Experiment with Healthy Mix-ins
If you’re looking to make your carrot cake even more nutritious, try adding some healthy mix-ins to your recipe. For example, you could add chopped walnuts or pecans for some healthy fats and protein, or throw in some raisins or dried cranberries for a burst of sweetness. You could also add some grated zucchini or apple for extra nutrients and moisture.
Swap Out Heavy Cream for Greek Yogurt
Another way to reduce the fat in your carrot cake is to swap out heavy cream for Greek yogurt. Greek yogurt is high in protein and low in fat, making it a great substitute for heavy cream. Simply replace the heavy cream in your recipe with an equal amount of plain, low-fat Greek yogurt.
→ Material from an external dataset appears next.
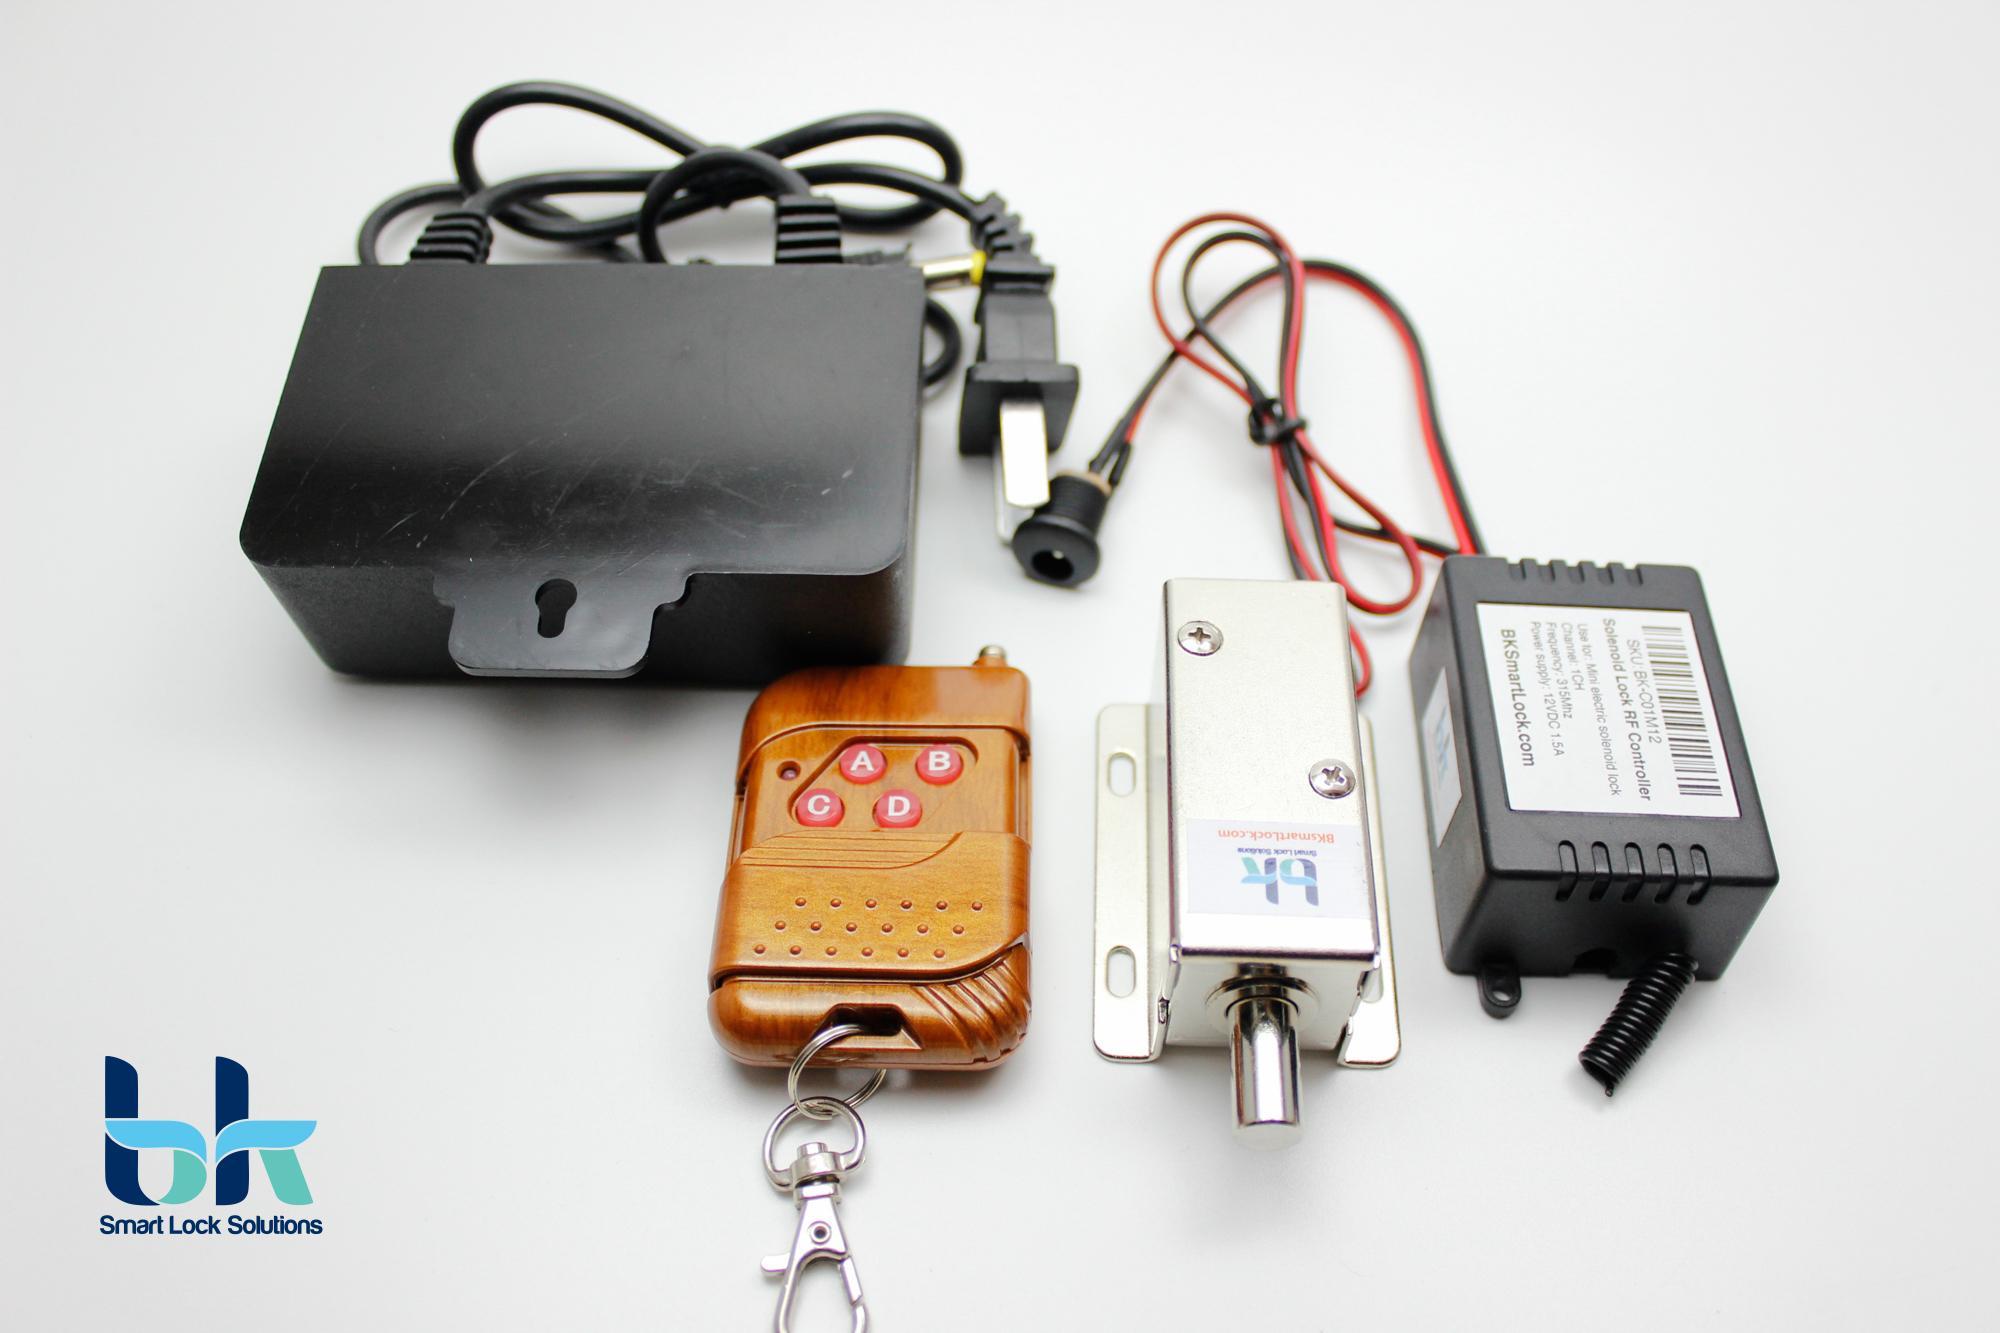 Bộ khóa cửa điện từ BK Smart Lock BK-C02M12, chốt tròn thường đóng D8mm 12V, remote điều khiển 315 Mhz

This will make your cake lighter and lower in fat without sacrificing texture or flavor.
Conclusion
With these valuable tips, you can make a delicious, fluffy, light, and moist carrot cake that’s low in fat and high in flavor. Using substitutes like applesauce, whole wheat flour, and low-fat cream cheese frosting, as well as adding more carrots and experimenting with healthy mix-ins, can significantly reduce the fat content of your cake while making it more nutritious. So go ahead and indulge in a slice of carrot cake, guilt-free!